(Mixer design) IFp and IFn have same phase
I have design a double balanced Gilbert cell mixer.
In ADS, the output IFp and IFn are 180 deg out of phase.
Then I simulate in Cadence, the problem is that the IFp and IFn signals are in phase. I think that is the reason why the conversion gain is smaller than 0 dB.
I have spent couple of days but I cannot figure out the reason. Please help! Thank you so much.
Some common mode signal can be expected, but not much. We can just guess that you made something seriously wrong, e.g. wrong bias point.
Can't say more without substantial information.
take a screen shot from your circuit schematic in cadence.
Thank you for your replies,
My schematic and testbench:
Next point is to show input signals, bias voltages and currents, observed node signals.
Operating bias point:
LO input signal (-5 dBm)
RF input signal (-50 dBm)
IF output signal
Hopefully the top transistors have sufficient Vds margin, too.
We see a lot of crosstalk, e.g. at the RF input terminals. The output signal is probably just the sum of parasitic effects.
Is the design suited for 5 GHz by layout parameters?
Are you intending frequency doubling or IF mixing? In the latter case, what's the expected output frequency? Can it pass the output transformer?
Did you operate the mixer with moderate RF and LO frequencies to verify it's function?
RFp and RFn interacts each other on the bias node.Put a large capacitor on bias net
Hi FvM, thank for your reply
I tried to design low power mixer, so the top transistor (Switching transistor) was biased at: Vd = 1 V, Vs = 0.654 V, Vg(max) = 1.25 V (because of LO swing), Vth = 0.477 V
fLO = 4.9 GHz, fRF = 2.5 GHz, fIF = 2.4 GHz. Would you please tell me how to overcome the crosstalk problem? I assume that I have ideal balun and I want to check the function of mixer first.
I will follow this instruction.
In fact, I changed the RF port to DC source type. I only simulate the transient with LO signal. The problem still happens.
Doesn't fit your post. In your waveforms, fLO and fRF are apparently both near 5 GHz.
Doesn't make sense. Of course, DC level must be applied to the gates directly, without coupling capacitors. Trace the individual drain currents to understand how the output is generated.
I am sorry, I made you confuse.
1. I separately bias the mixer with VDC sources. I put 10nF caps at inputs/outputs to block DC current.
2. Sometime I removed the RF signal (by change the source type of RF port to dc) to see the effect of LO signal.
The following picture I ran with fLO =4.9 GHz, pLO = -5 dBm, fRF = 2.5 GHz, pRF = -50 dBm. I expect the output is fIF = 2.4 GHz and the conversion gain is 10 dB (from ADS simulation)
LO input
RF input
IF output
why your RF input is like this ? your positive and negative RF signals DC changes during time ! I do not understand !

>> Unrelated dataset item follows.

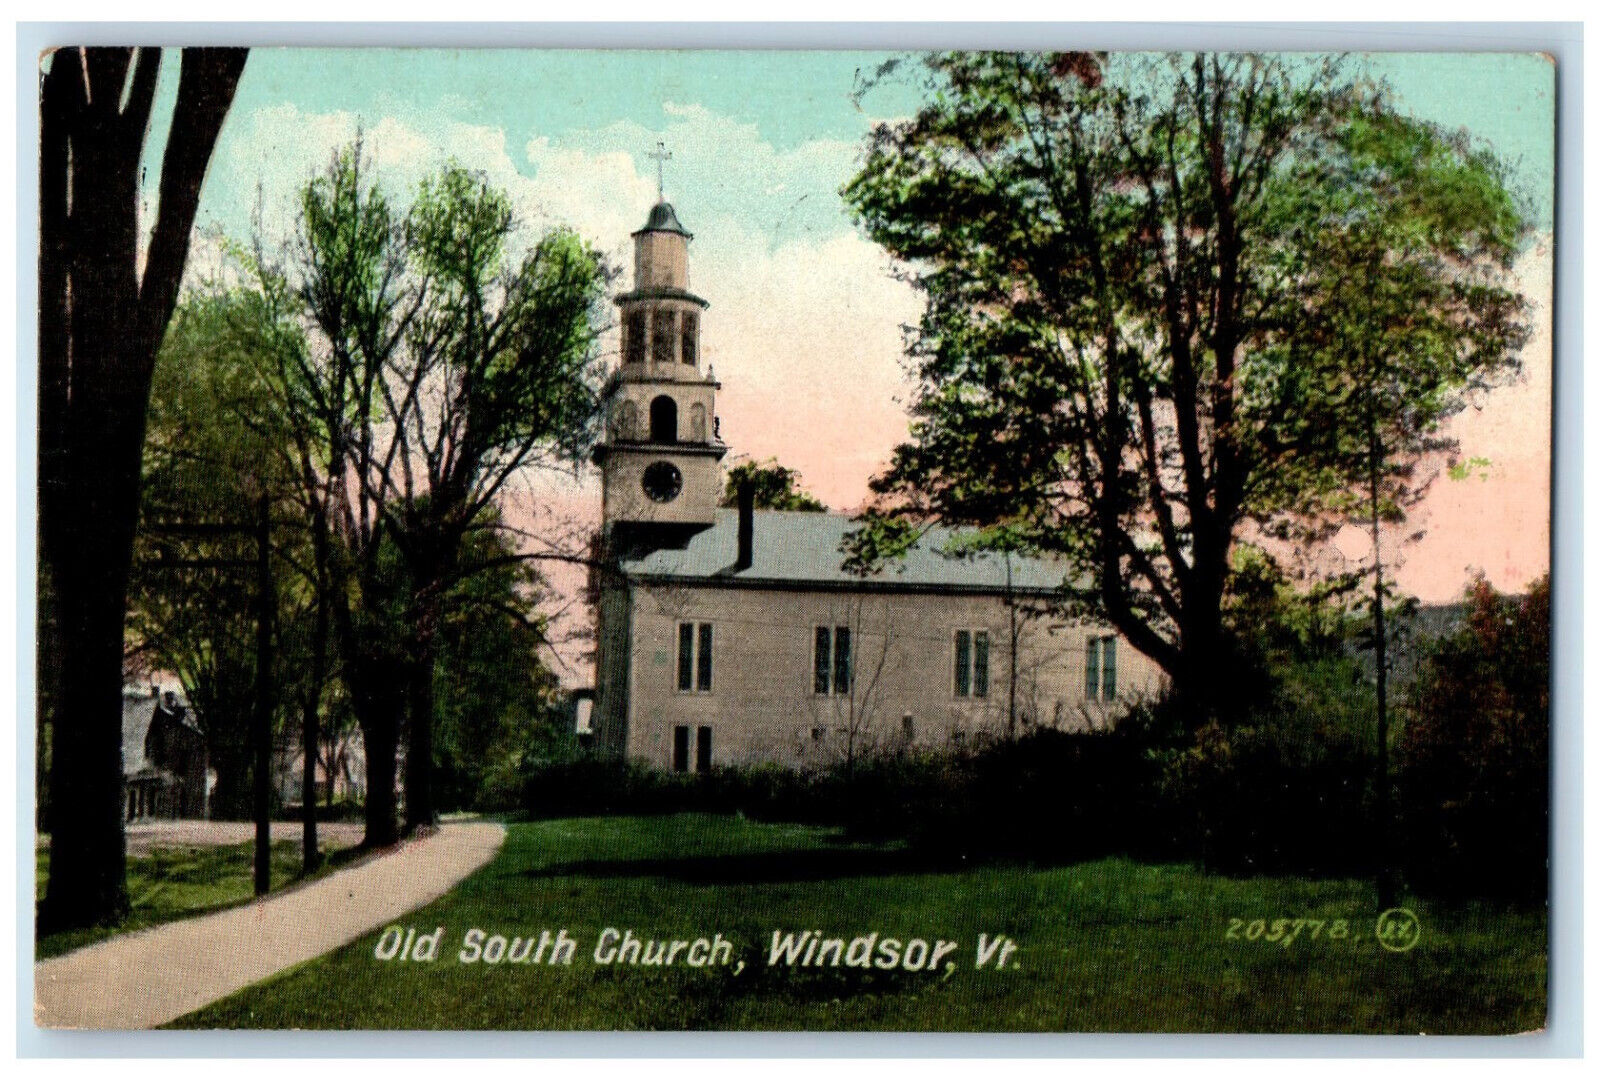 1915 Old South Church Street Trees View Windsor Vermont VT, Hanover NH Postcard

You see feedthrough of 2nd LO harmonic.
Might have no effect if the balun output has high common impedance (transformer winding with floating center tap).

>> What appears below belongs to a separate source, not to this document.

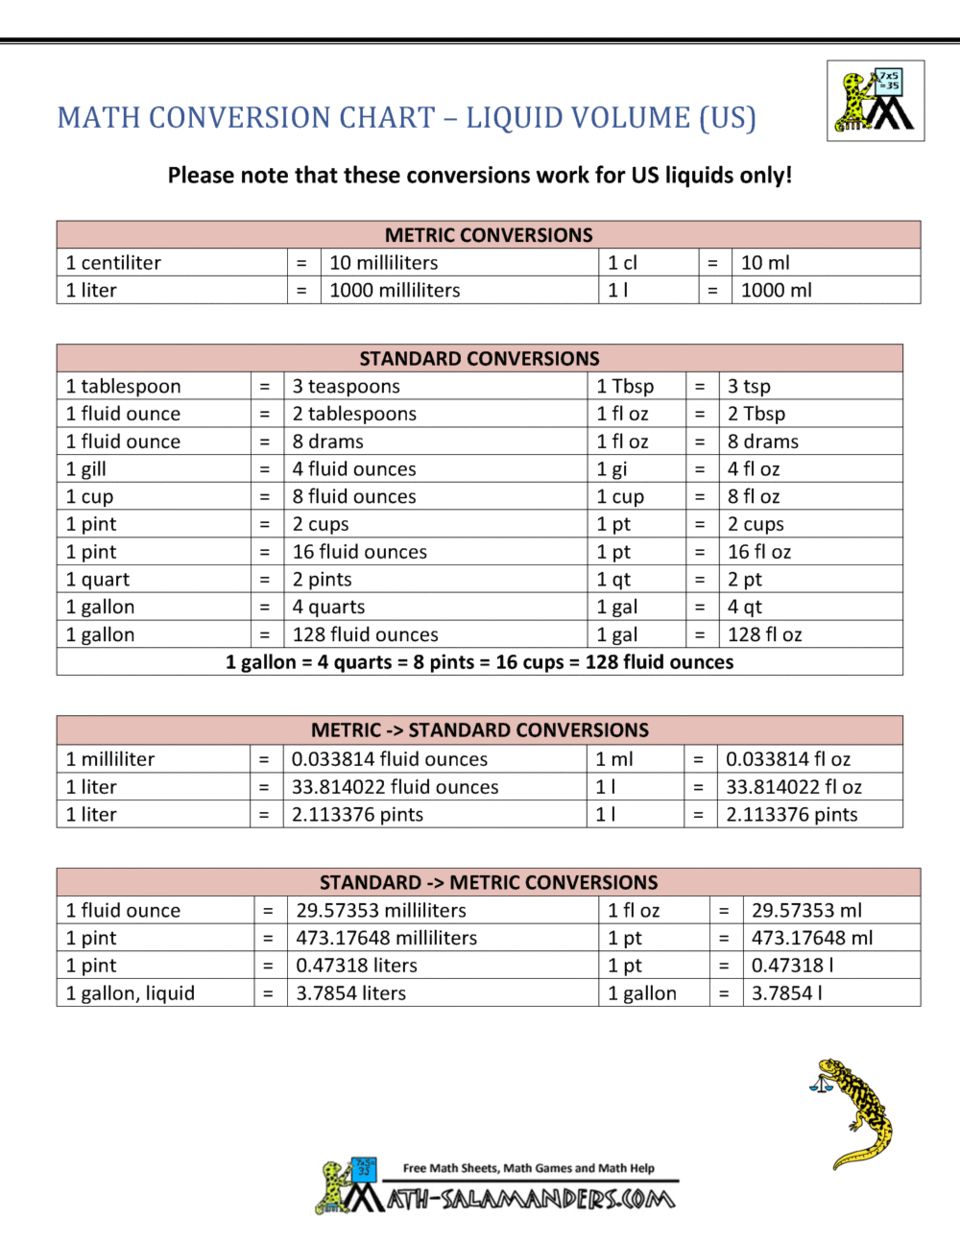 Metric to standard conversion chart US

clock feedthrough have this much effect in the input ?
In other mixers like passive RL mixer, it effects input with 2WLo but here we have one Cgs and Cgd, it should not effect this much :/
2Wlo mixes with Wlo and if it is zero IF structure it will be filtered out.
pleas take a screen shot from all of ur circuit not a part.
Anw, the 10nF caps do not explain why IFP and IFN have same phase.
You can see the full schematic in reply #4 in this thread. If I misunderstand what you mean, please explain
Have you ever checked there is no 2nd frequency in RF port ? There is a beating between two frequencies ( looks like it )
We have been discussing this thats the feedthrough from Lo which appears 2 Wlo in rf input
I referred to the following tutorial. Does anyone have other suggestion?
https://www.yumpu.com/en/document/vi...nce-spectrerf-
Btw, the transistors must be biased in saturation region?
Not particularly the caps. But a RF port common mode signal will be translated to an output common mode signal, just think. So my latest question was if your balun might be unsuitable by a exposing a high common output impedance and thus promoting feedthrough of the 2nd LO harmonic generated by MN0-MN3 non-linearity.
To rate the measured voltage levels, it would be interesting to know the output "transformer" self- and mutual inductance.
In the design of mixer u should become sure that:
1) RF transistor works in sat.
2) In half cycle one of LO transistors is off and the other one is on and other half wise versa.
3) While two LO transistors are on (middle of 2 cycles) they should be forced to work in saturation until the moment when one of them turns on and other one turns off.
Do you understand clock feedthrough ?